Having said that, when we are referred patients without any sign, like you said, then maybe that's the patient that we need to use the DETECT trial on or sometimes even without it, if you don't see any signs of dyspnea or any sign on the EKG, simple EKG of right ventricular dilatation or abnormality in the conduction and nothing on the echo, no RV dilatation, no RV dysfunction, and a normal acceleration time, there is no point for us to go for right heart capitalization. This is the patient that I’ll just follow, watch like a hawk every 6 to 12 month, and take it from there. Yeah, you absolutely can enrich it like the DETECT with BNP and anti-centromere and urates and this and that, but there is no need for them to put them through an invasive test and take the risk of cardiac right heart catheterization, which is not negligible, 1 in 1,000, to 5 in 1,000, not negligible.
Dr. Saggar:
Yeah, there was a nice – Rich, did you want to add to that? Oh, I was just going to add that there was there's a nice paper from the Belgian group looking at noninvasive ways to mate to diagnose or to get the negative predictive value for PH. And they looked at four parameters. One was, if the patient's functional class I or II, and if their resting pulse oximetry on room air is above 95%, equal to 95% or above, and if they have an NT-proBNP or a BNP that's normal, and lastly, if they have no evidence of right axis deviation, or RVH, on an 12-lead; if all of that was true, the chances of having PAH on a heart catheterization was less than 1%. So these are like I said, there was a simple algorithm that they employed in their, you know, they had a retrospective cohort, and then they validated it prospectively, which I thought was pretty helpful. Obviously, they had autoimmune disease patients in there too. But anyways, Rich you want to?
Dr. Channick:
I guess, I just thought of a second question. But, Suzanne, you know, I think anytime you hear talk on rheumatologic disease, you know, you think about immunosuppressive treatments.
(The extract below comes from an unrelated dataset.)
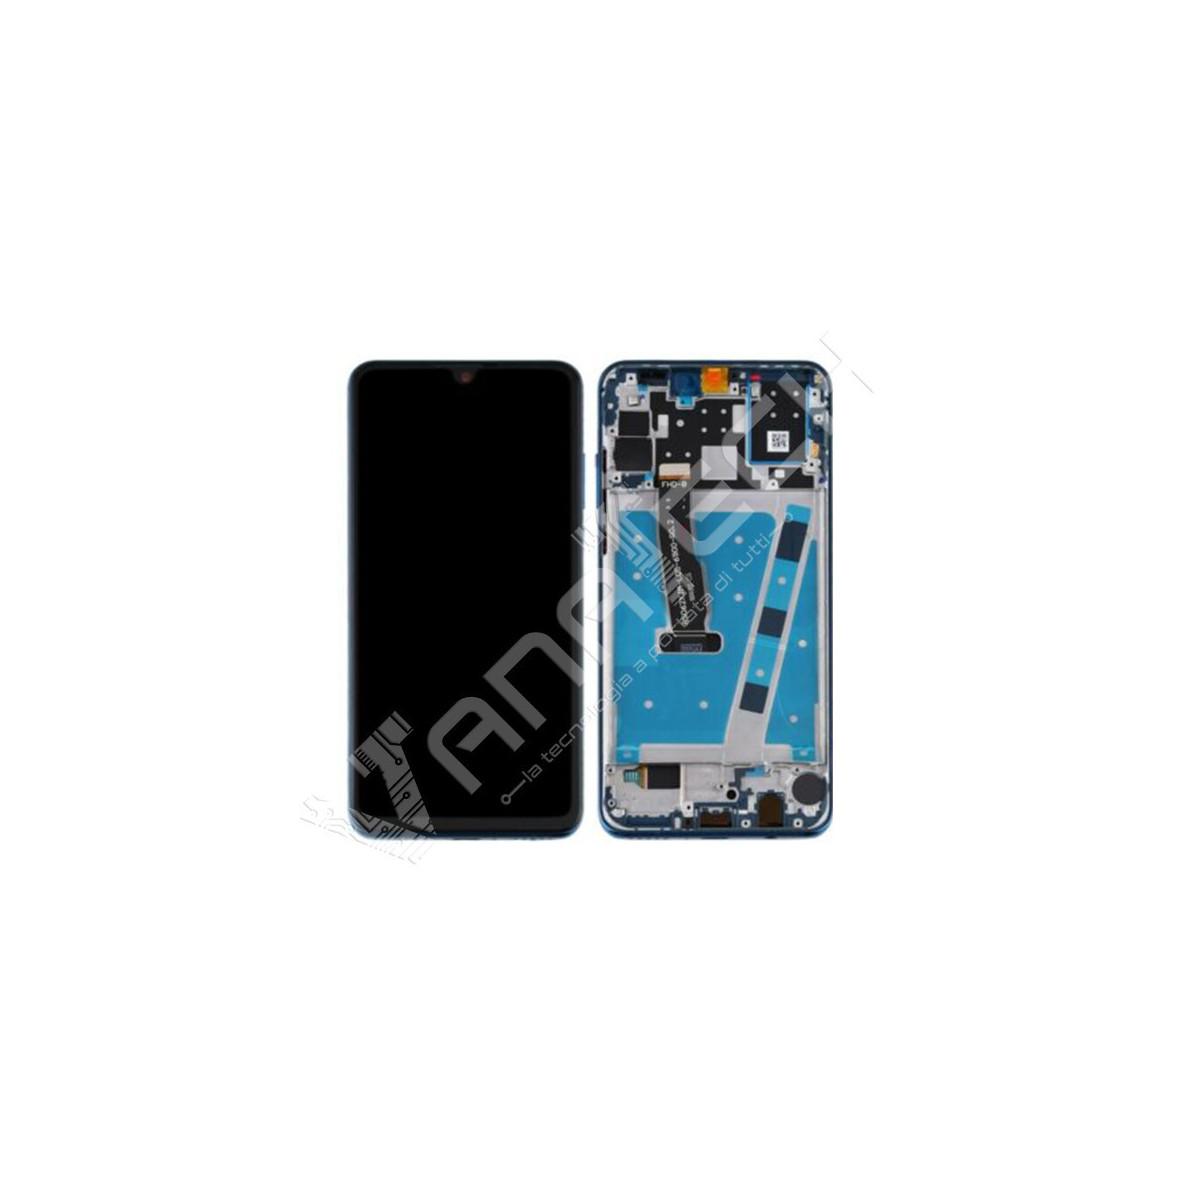 HARD DISK INTERNO SSD STATO SOLIDO SAMSUNG 250GB 860 EVO SATA 6GB/s

And obviously, I guess they haven't really panned out in PAH component of CTD. Are there any subtypes that you think might particularly be beneficial with actually immunosuppressive drugs in treating the pulmonary vascular component, or what do you think?
Dr. Kafaja:
So it’s a very good question. I think the main patients that I would think about to, you know, I think as far as when it comes to vasculopathy, specifically, regardless of whether it's heart or sometimes we think the GI, although there may be other reasons for GI involvement, immunosuppression has not played - we don't think it plays a role, historically, at least in our patients in treating specifically systemic sclerosis patients. However, you know, there has been a rituximab, for instance, trial where we had high hopes for it, you know, whether it makes a difference as far as pulmonary hypertension patients. But I do think that there were also flawed - some flaws in those clinical trials. So I'm not so sure that I would actually take that to the bank and just make it - use it as a no-go for the usefulness of immunosuppression in those patients. Of course, you know, whenever we're dealing with scleroderma patients, we always want to, because they're complicated, they - because they can have aspirations, micro aspirations and so on, the use of immunosuppression, we always have to - I always tell my patients that I would be just as aggressive as your disease is. And so whenever I, you know, if I'm thinking about a patient that has - that is presenting mainly with the more vasculature component rather than ILD, for instance, it's much easier for me to say, ‘Oh, yes, you have a little bit of ILD, why don't we do this?’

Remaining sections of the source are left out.